Seriously, who walked in ?
Given the character of this establishment’s selection of snack foods, one might be forgiven for assuming that labels might be assigned with a certain amount of flexibility.
Given the character of this establishment’s selection of snack foods,
[ Bin rummaging intensifies. ]
Bin rummaging intensifies.
Careful. You don’t know how long those things have been in there…
They gave good thread.
That one left me in stitches.
Hush! You’ll only encourage him!
Seriously, though — “give good thread” was enough to make me hit the tip jar. (Also hoping to purchase an indulgence against the sausage roll.)
enough to make me hit the tip jar.
Bless you, sir. May your small, everyday pleasures include the smell of Waitrose ginger and lime washing-up liquid.
Anyone know of a crayon extension for Typepad so I can write in Texan next time…
Just use < usmc >.
Seriously, who walked in ?
I’ve been told I bear a striking resemblance to my father. No, that can’t be it…
There’s so much anti-Chinese stuff these days, that I read it as “gook” shaming.
Mind you, I’m fully on board with any shaming of the CCP going around.
https://babylonbee.com/news/uh-oh-wuhan-lab-changes-sign-to-0-days-since-accidentally-releasing-a-virus
“I spent five years talking with 120 women about sexuality and desire.”
That’s meant to sound impressive but it works out to talking to one woman about every two or three weeks.
No worries. You’ll get your engineering degree and carry on with your life.
She carries a rifle. Which means that she is not completely stupid. Delusional, naive, hypocritical, maybe, but not stupid.

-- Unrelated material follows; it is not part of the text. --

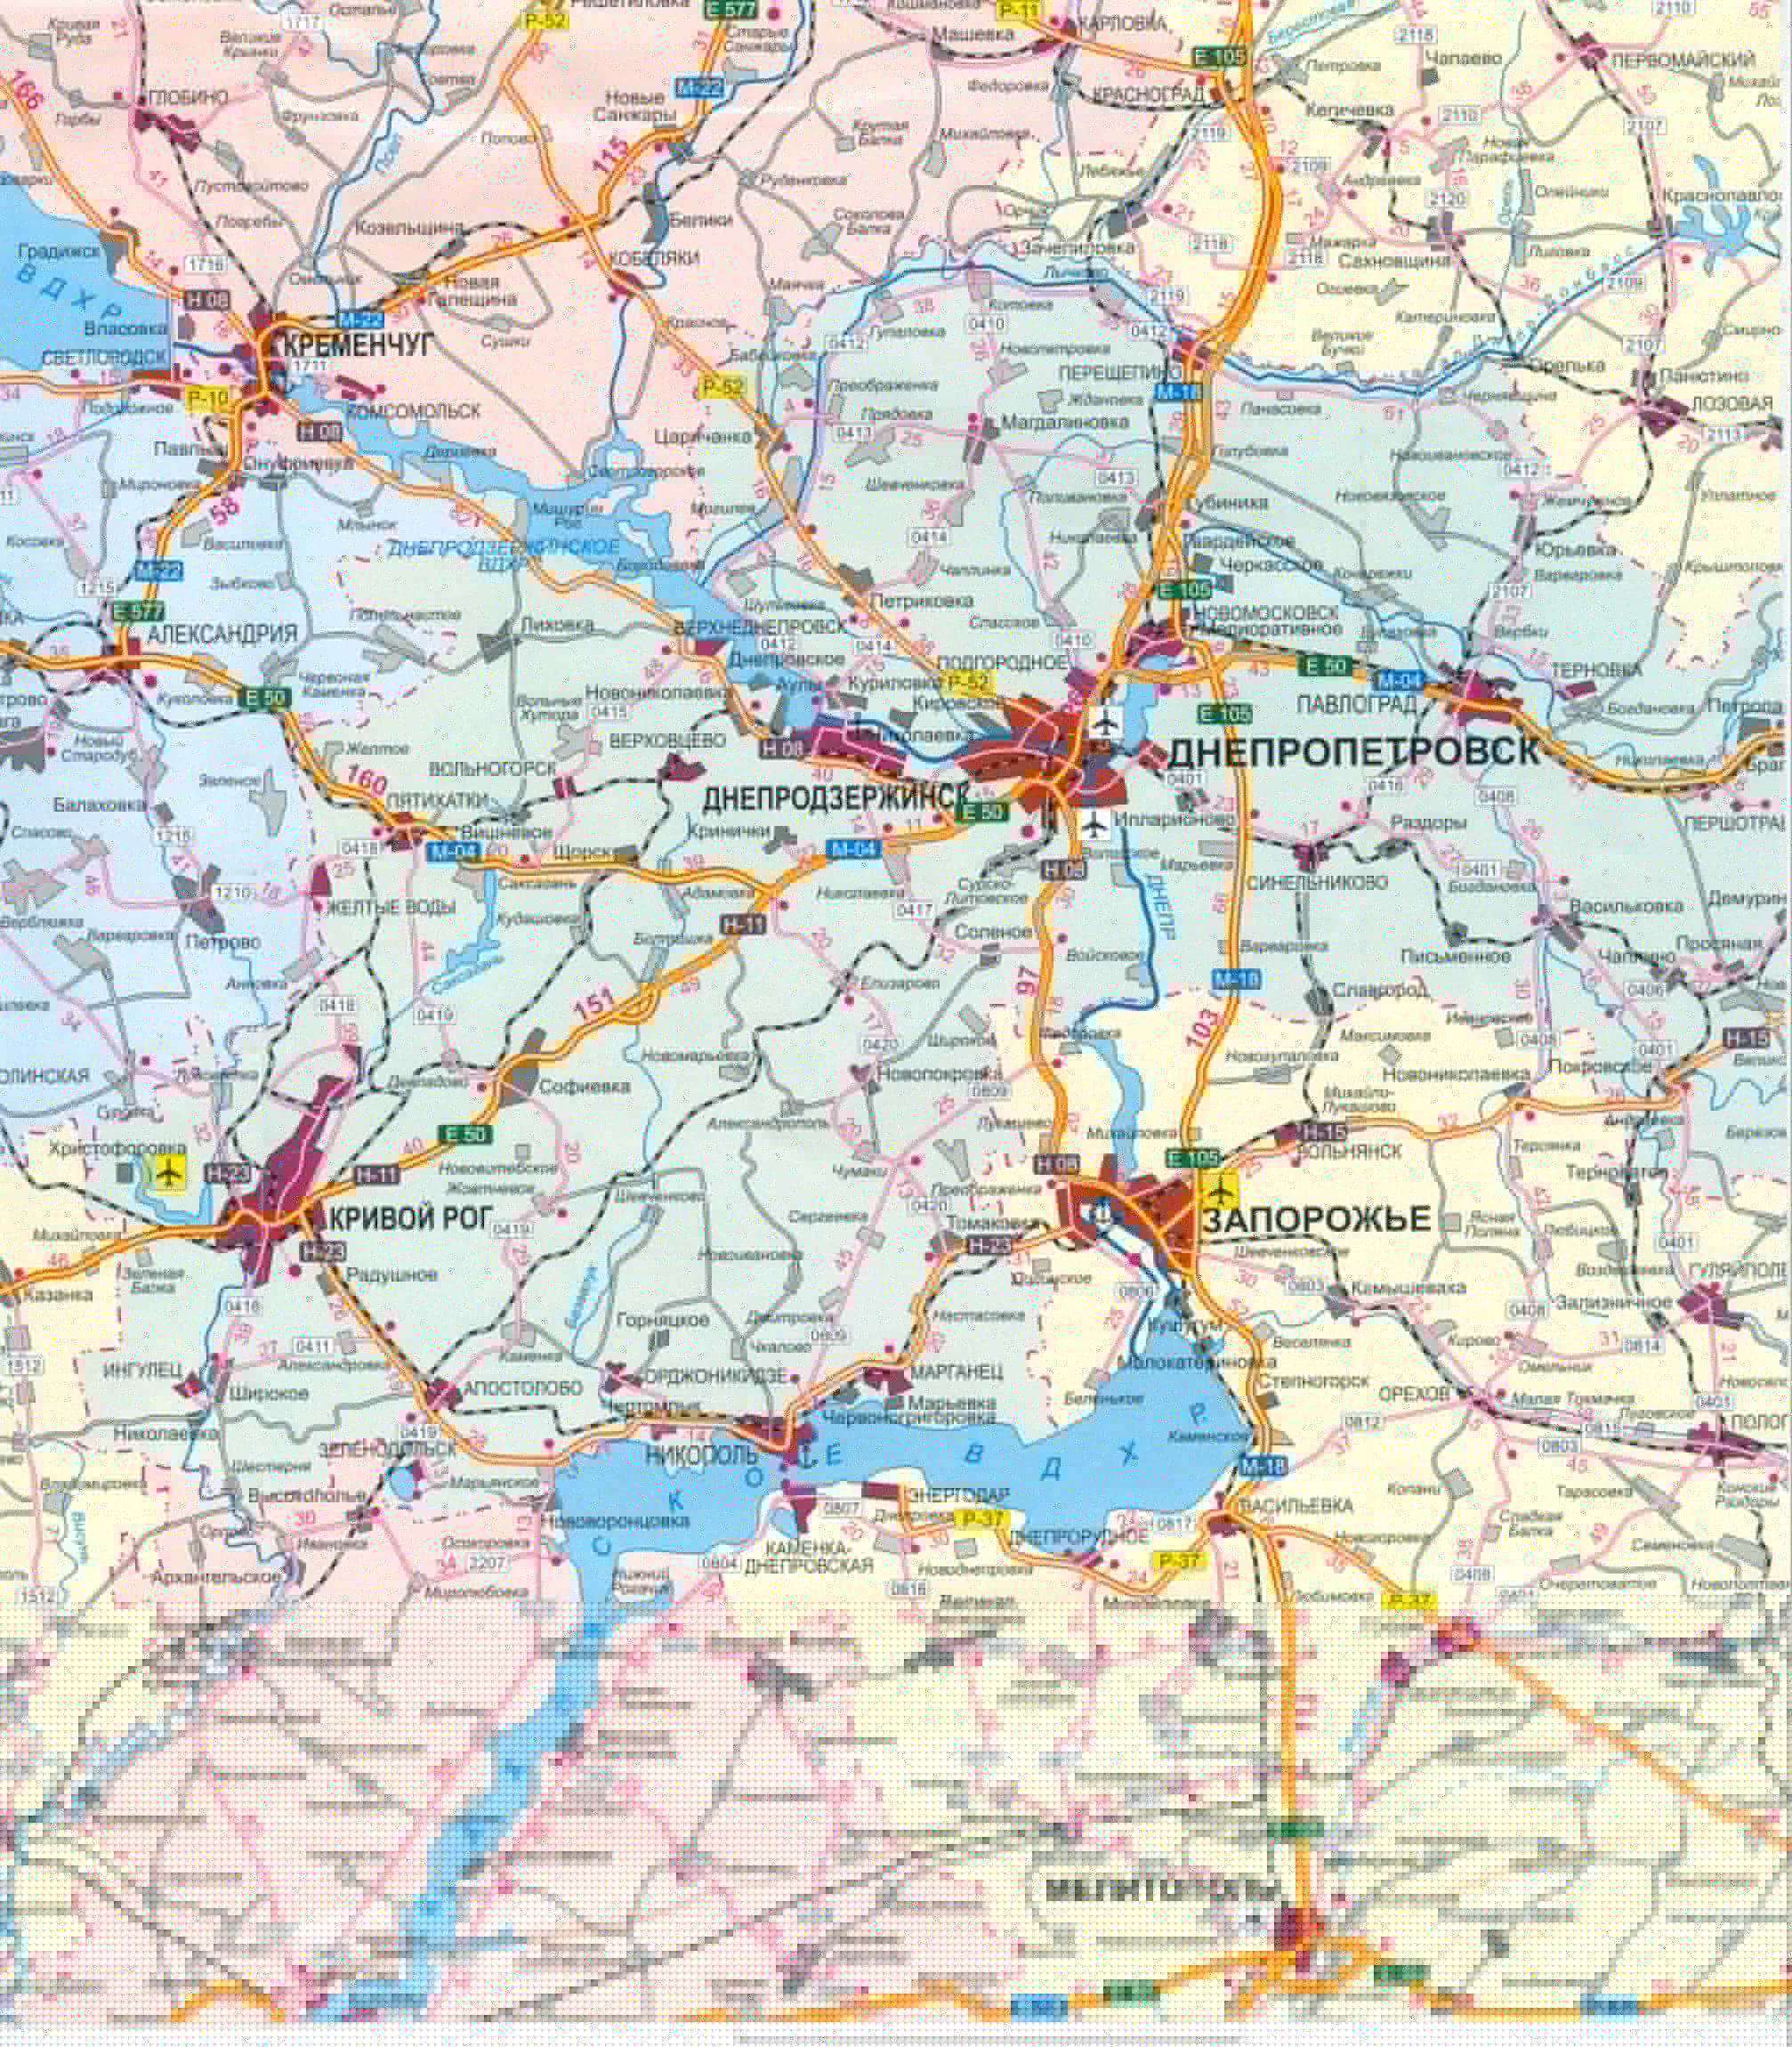 Карта Украины бесплатно. Карта дорог Украины скачать бесплатно. Большая карта дорог Украины бесплатно, D1

It is just a performance, another form of acting.
Just use < usmc >.
Hey – I was only making a joke, even I am not that cruel, not even < USAF >, though one day I as was walking behind a Sailor and a Marine, the Sailor stopped to pick up a rock whereupon he handed it to the Marine saying, “Here, you dropped your ID”.

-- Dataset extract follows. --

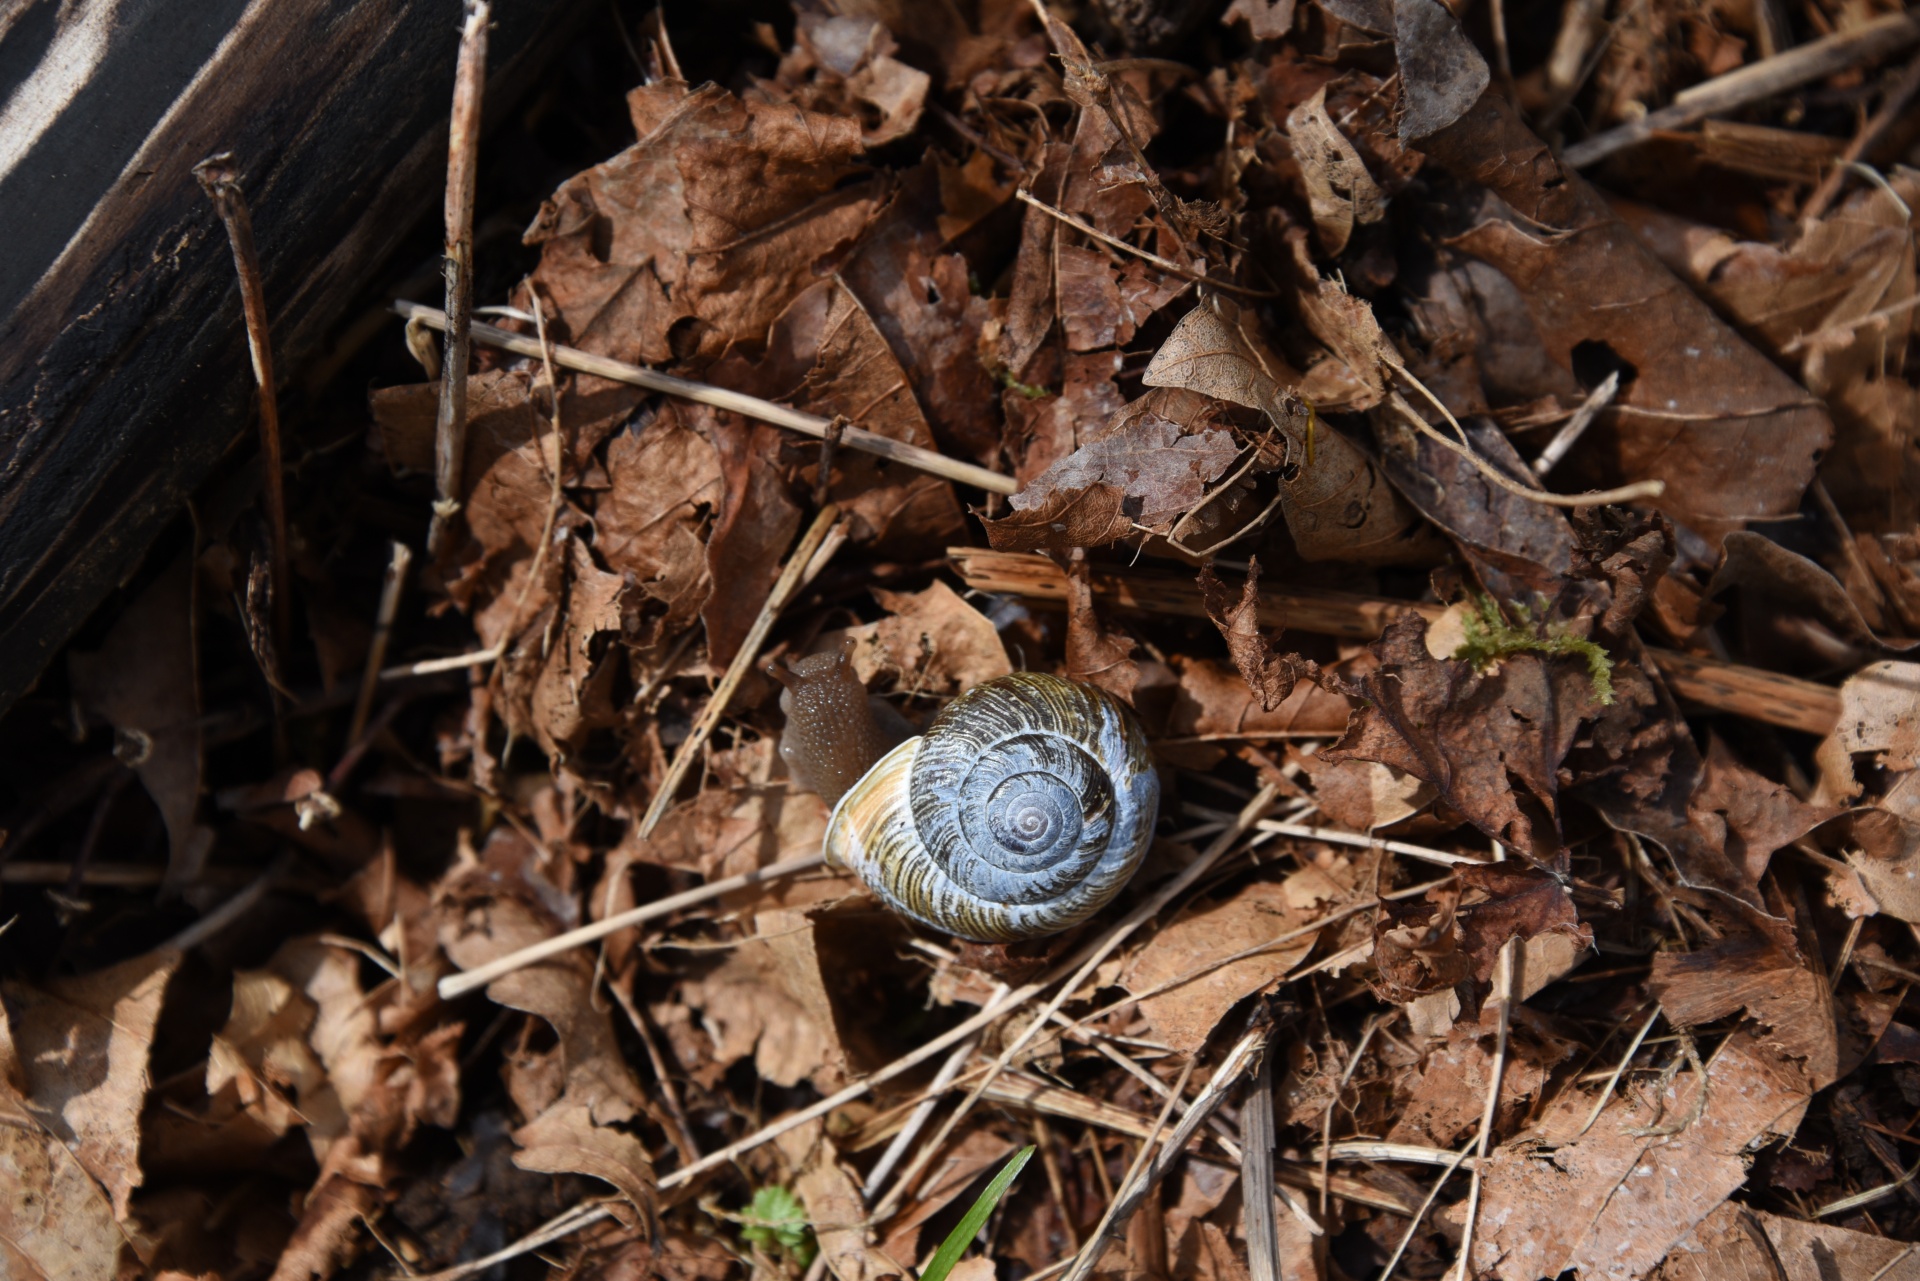 Blue Shell Snail

There is no easy way to reach Twisp…
BS. It’s near Winthrop and Lake Chelan. Both are an easy 4 hour drive from Seattle. People have second homes there for weekend getaways. Admittedly, Interstate 90 closes sometimes for winter weather. But unless this Outside writer is even dumber than she sounds, she’s not traipsing out there in the middle of the winter.

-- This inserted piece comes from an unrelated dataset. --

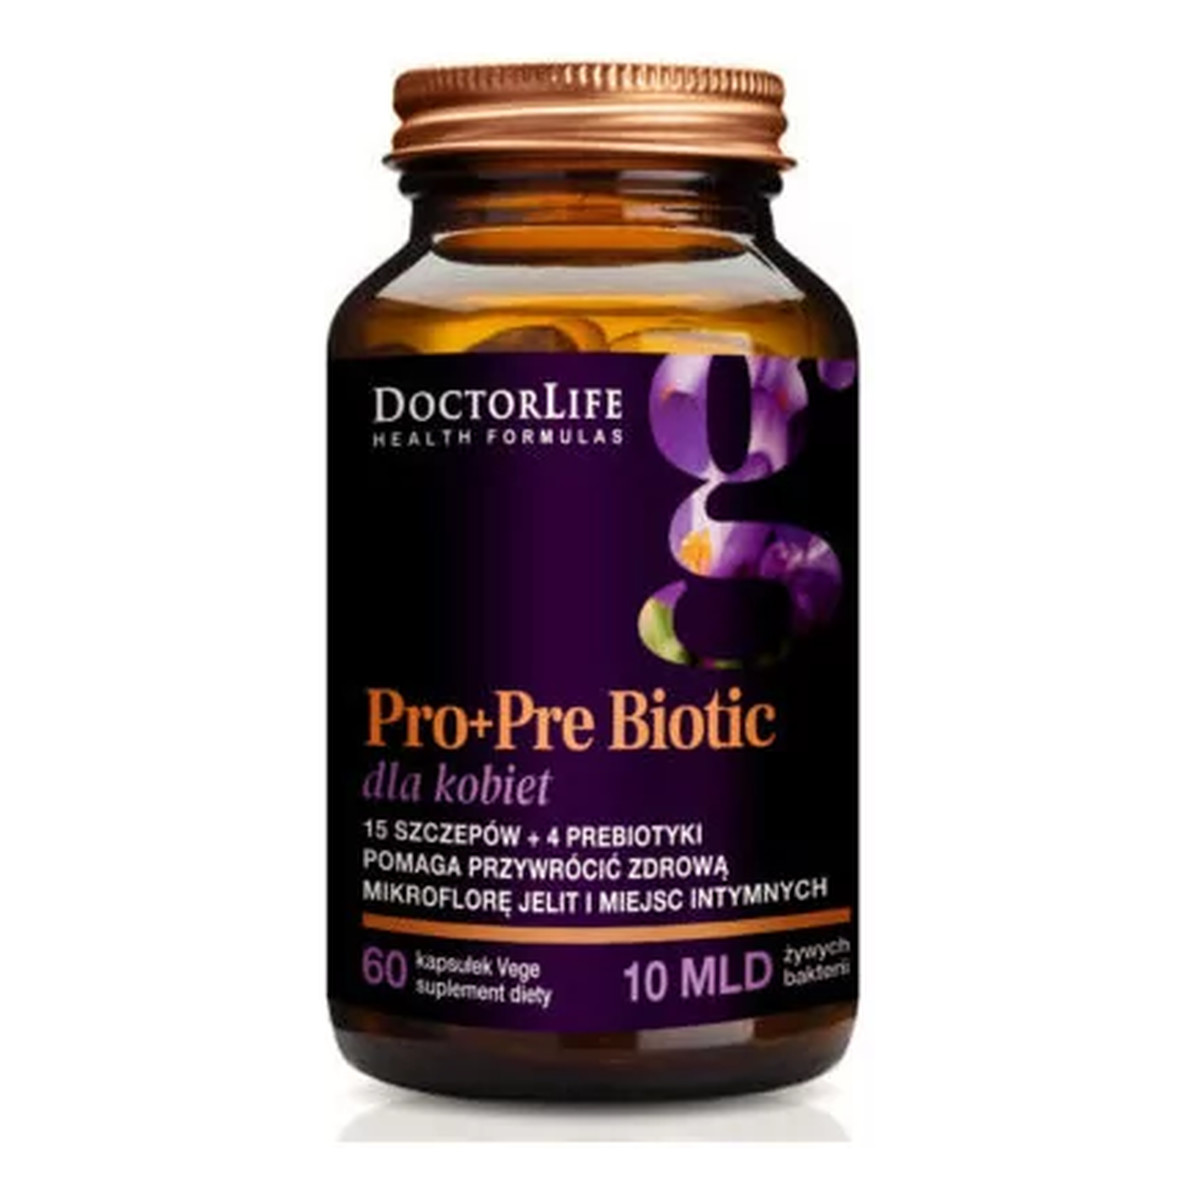 Doctor Life Probioflora women probiotyki dla kobiet 14 szczepów & 4 prebiotyki suplement diety 60 kapsułek

…the Sailor stopped to pick up a rock whereupon he handed it to the Marine saying, “Here, you dropped your ID”.
Having been lead to believe he’d already covered losing it, the Marine then break it, or eat it?
Trump Derangement Syndrome. When your toddler children are trying to discourage you from doing something stupid, perhaps you should listen to them. Sure, you’re doctors and of course you know everything but maybe, just perhaps, you’re wrong this time. Listen to the children.
https://www.wkrg.com/top-stories/northwest-florida-doctors-accused-of-stealing-trump-2020-flag/
Oh, there’s video. But the “news media” reporting at that link for some reason doesn’t have it. Gotta go to a politician to get the video.
https://mobile.twitter.com/RepMattGaetz/status/1250163586950889476
Chelan Lake! Lovely place, if sometimes v. rainy. Take the ferry to the far end and hike up the gorge. Or for you posh types, take the floatplane. And yeah, the whole area is no more remote than, say, Lake Shasta or Yellowstone Park.
(Bristling slightly at the Marine jokes…)
But perhaps my view is skewed. The Marines I know have all been either pilots or Artillery.
Band names harvested from above:
You missed one-
“Store-Bought Bison”.
If she really has decided to “live as wild people lived” I find myself wondering how she’s lived 54 years?
one could spend an entire day fisking that dog’s breakfast of an article
I found it dull as dishwater, though the words “hand-stitched leathers” had me imagining the same picture (of Raquel Welch) as Steve E above – the gulf between hopeful expectation and reality has seldom been so cruel.
(Lynx isn’t the lady’s real name – the real name and family might have a story or two attached to them)
So I wonder what the author, Katherine Rowland, is like…Oh look! It turns out she has read and written quite a lot of words about women’s experiences of sex, pregnancy (her current rite of passage), the menopause. But mainly about “straight women’s sexual dissatisfactions” – surely not her own?